Марко Стэнли Фогг. По словам дяди, это означало, что тяга к путешествиям у меня в крови, что жизнь будет забрасывать меня туда, куда еще не ступала нога человека. Марко, что вполне естественно, соотносилось с Марко Поло, первым европейцем, побывавшим в Китае; Стэнли — с американским журналистом, сопровождавшим доктора Ливингстона в «самые глухие дебри Африки»; ну, а Фогг соответствовало фамилии Филеаса, промчавшегося вокруг света меньше чем за три месяца. Дяде было не важно, что мама назвала меня Марко просто потому, что ей нравилось это имя, не важно, что мой дедушка был Стэнли, не важно, что фамилия Фогг получилась по прихоти полуграмотного американского чиновника. Дядя Вик как никто другой способен был во всем уловить особый смысл и очень искусно придавал всему таинственную значимость. По правде говоря, мне ужасно нравилось, когда он так своеобразно выражал внимание к моей особе. И хотя я знал, что его речи — лишь пустое сотрясение воздуха, небылицы, но где-то в глубине души я верил каждому его слову.
В скором времени искусство дяди толковать имена помогло мне пережить непростые первые недели в новой школе. К именам цепляются прежде всего, и моя фамилия стала полигоном для всевозможных издевательств: Фогг зазвучало как фук, фиг, фок-мачта, фокстрот, фокус-покус, фикус-пикус и т. д. Исчерпав себя в глумлении над моей фамилией, школьники принялись за первое имя. То, что имя непривычно кончалось на «о», повлекло за собой появление довольно немудреных кличек: Мокко, Пончо, Бандито, Мумбо-Юмбо, Мамбо, Жарко-Парко, — но на этом их фантазия не остановилась, и новые прозвища превзошли все мои ожидания. Марко стал Марко Поло, Марко Поло превратился в Половик, Половик — в Полоскуна, Полоскун — в Потаскуна. Последнее было вопиющим издевательством, и я опешил, впервые услышав его. Так или иначе, это школьное боевое крещение я выдержал, но стал постоянно ощущать беззащитность своего имени. Оно настолько слилось для меня с тем, кем я ощущал себя, что мне захотелось оградить свое имя от дальнейших покушений.

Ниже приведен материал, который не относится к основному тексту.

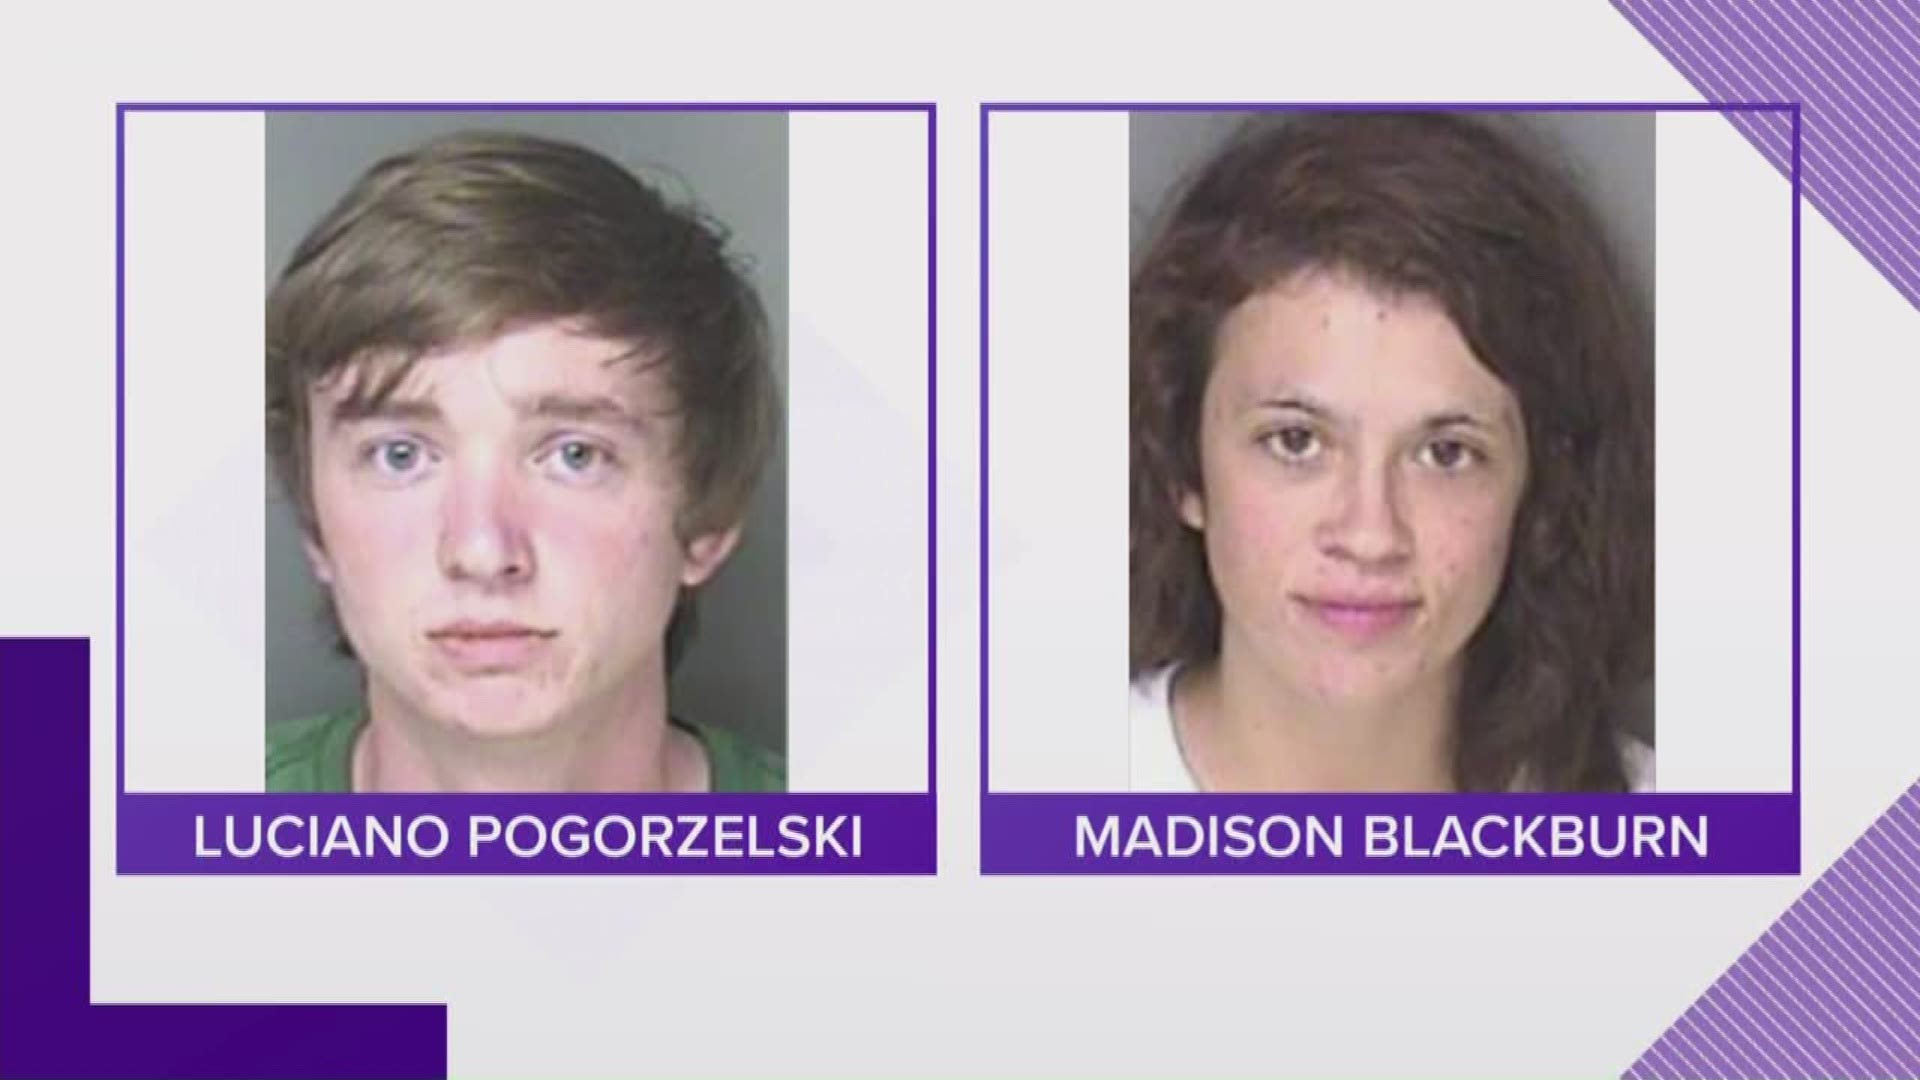 Luciano Pogorzelske and Madison Blackburn were discovered at a gas station in Gastonia. This was after a cross-country manhunt in relation to a September 28 murder.

В пятнадцать лет я стал везде подписываться М. С. Фогг, намеренно подражая светилам современной литературы и одновременно умиляясь тому, что инициалы совпадали и с сокращением слова «манускрипт». Дядя Вик искренне одобрил такую трактовку.

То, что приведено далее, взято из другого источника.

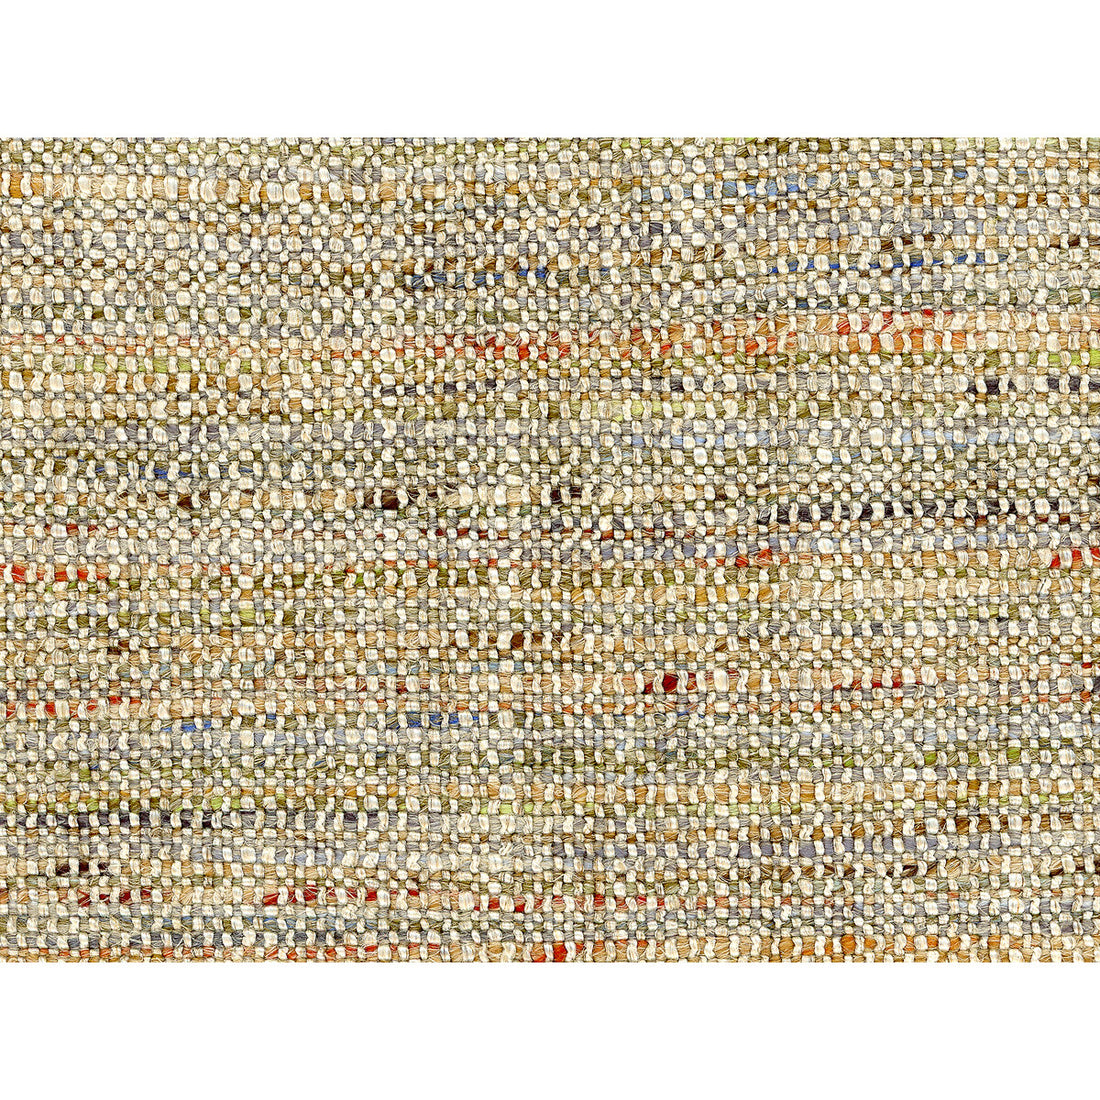 Crafted Cloth fabric in spice color - pattern 34445.1211.0 - by Kravet Couture

— Каждый человек — создатель своей жизни, — сказал он. — Книга, которую создаешь ты, еще пишется. Следовательно, это рукопись, манускрипт. Что же может быть логичнее?
Мало-помалу имя Марко перестало упоминаться. Для дяди я был Филеасом, а когда поступил в университет, для всех остальных я стал М. С. Некоторые умники говорили, что это еще и сокращенное название какой-то болезни, но к тому времени я уже снисходительно относился ко всем ассоциациям и насмешкам по поводу своего имени. Когда мы познакомились с китаянкой Китти By, она придумала мне еще несколько имен, но эти имена были, так сказать, ее личной собственностью, и к тому же они мне нравились: в особенных случаях она называла меня Фогги, а еще — Сирано, после событий, о которых я расскажу позднее. Если бы дядя Вик дожил до моей встречи с Китти, он наверняка порадовался бы тому, что Марко — в некотором роде — наконец достиг Китая.
Кларнетиста из меня не вышло: дыхание было слабым, губы не слушались, — и вскоре я отвертелся от дядиных уроков. С бейсболом дело обстояло получше, и к одиннадцати годам я превратился в типичного жилистого американского мальчишку, всюду ходящего в перчатке и постоянно тренирующего правую руку. Осенью бейсбол определенно выручил меня в стычках в новой школе. Потом, той первой весной после смерти мамы, меня отобрали в местную юниорскую лигу, и дядя Вик приходил болеть за меня почти на все игры. Правда, в июле 1958-го мы неожиданно переехали в Сент-Пол, в штат Миннесота (дяде преложили давать там уроки музыки, и он счел это редкой удачей), но на следующий год мы вернулись в Чикаго.